Avicenna on liquids.

1484.

Roger Bacon, done in print. [Footnote: The earliest printed edition known to Brunet of the works of Roger Bacon, is a French translation, which appeared about fourty years after Leonardo's death.]

1485.

Cleomedes the philosopher.

[Footnote: Cleomede. A Greek mathematician of the IVth century B. C. We have a Cyclic theory of Meteorica by him. His works were not published before Leonardo's death.]

1486.

CORNELIUS CELSUS.

The highest good is wisdom, the chief evil is suffering in the body. Because, as we are composed of two things, that is soul and body, of which the first is the better, the body is the inferior; wisdom belongs to the better part, and the chief evil belongs to the worse part and is the worst of all. As the best thing of all in the soul is wisdom, so the worst in the body is suffering. Therefore just as bodily pain is the chief evil, wisdom is the chief good of the soul, that is with the wise man; and nothing else can be compared with it.

[Footnote: Aulus Cornelius Celsus, a Roman physician, known as the Roman Hippocrates, probably contemporary with Augustus.

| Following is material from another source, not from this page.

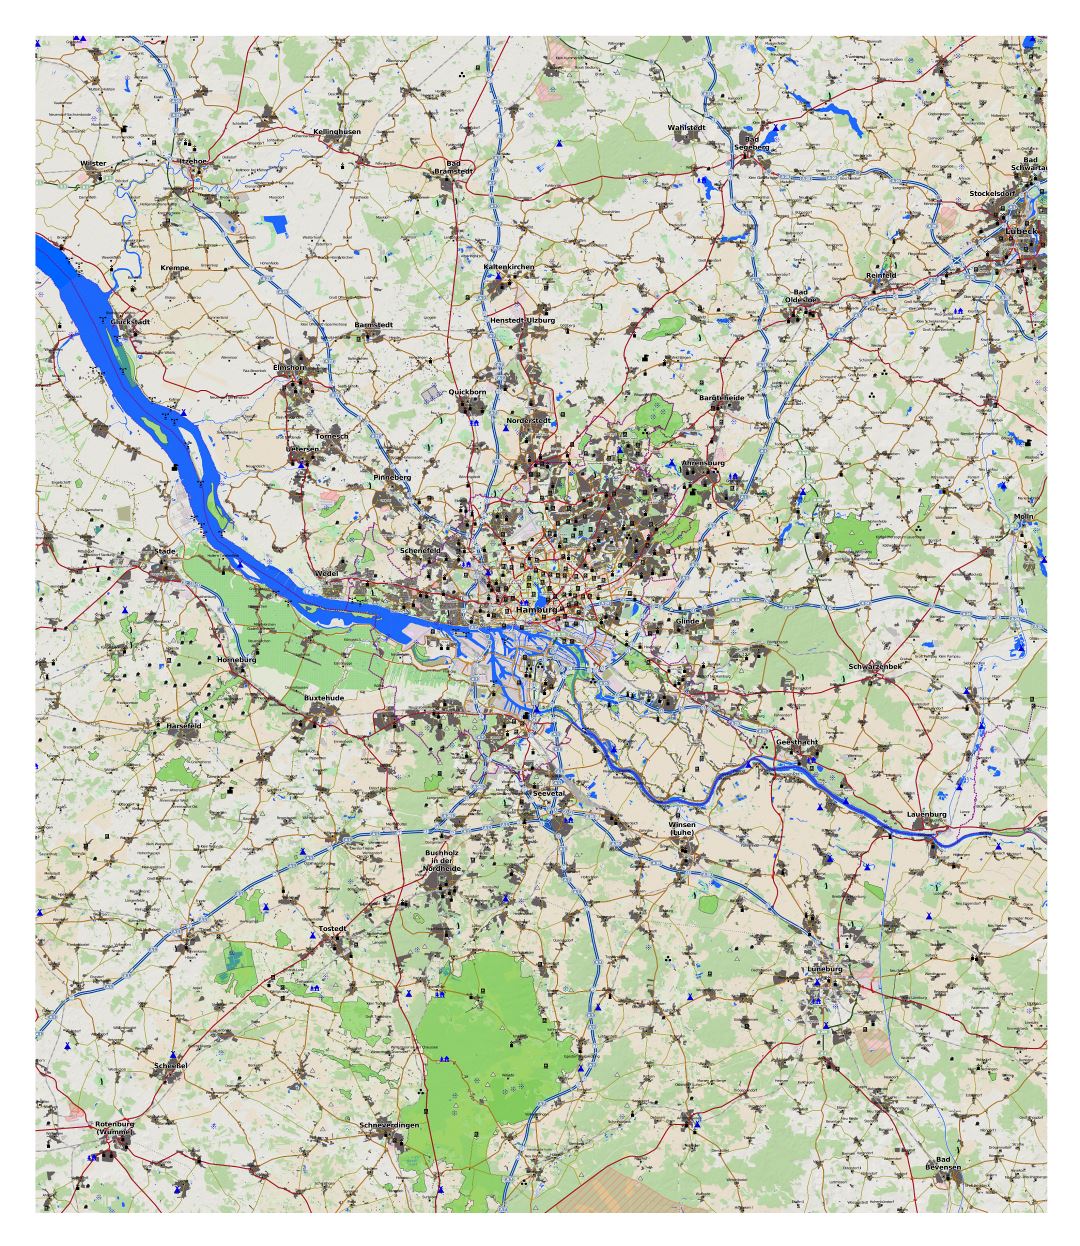 Gran mapa detallado de la ciudad y sus alrededores zona de Hamburgo

Only his eight Books 'De Medicina', are preserved. The earliest editions are: Cornelius Celsus, de medicina libr. VIII., Milan 1481 Venice 1493 and 1497.]

1487.

Demetrius was wont to say that there was no difference between the speech and words of the foolish and ignorant, and the noises and rumblings of the wind in an inflated stomach. Nor did he say so without reason, for he saw no difference between the parts whence the noise issued; whether their lower parts or their mouth, since one and the other were of equal use and importance.

[Footnote: Compare Vol. I, No. 10.]

1488.

Maestro Stefano Caponi, a physician, lives at the piscina, and has Euclid De Ponderibus.

1489.

5th Book of Euclid. First definition: a part is a quantity of less magnitude than the greater magnitude when the less is contained a certain number of times in the greater.

A part properly speaking is that which may be multiplied, that is when, being multiplied by a certain number, it forms exactly the whole. A common aggregate part ...

Second definition. A greater magnitude is said to be a multiple of a less, when the greater is measured by the less.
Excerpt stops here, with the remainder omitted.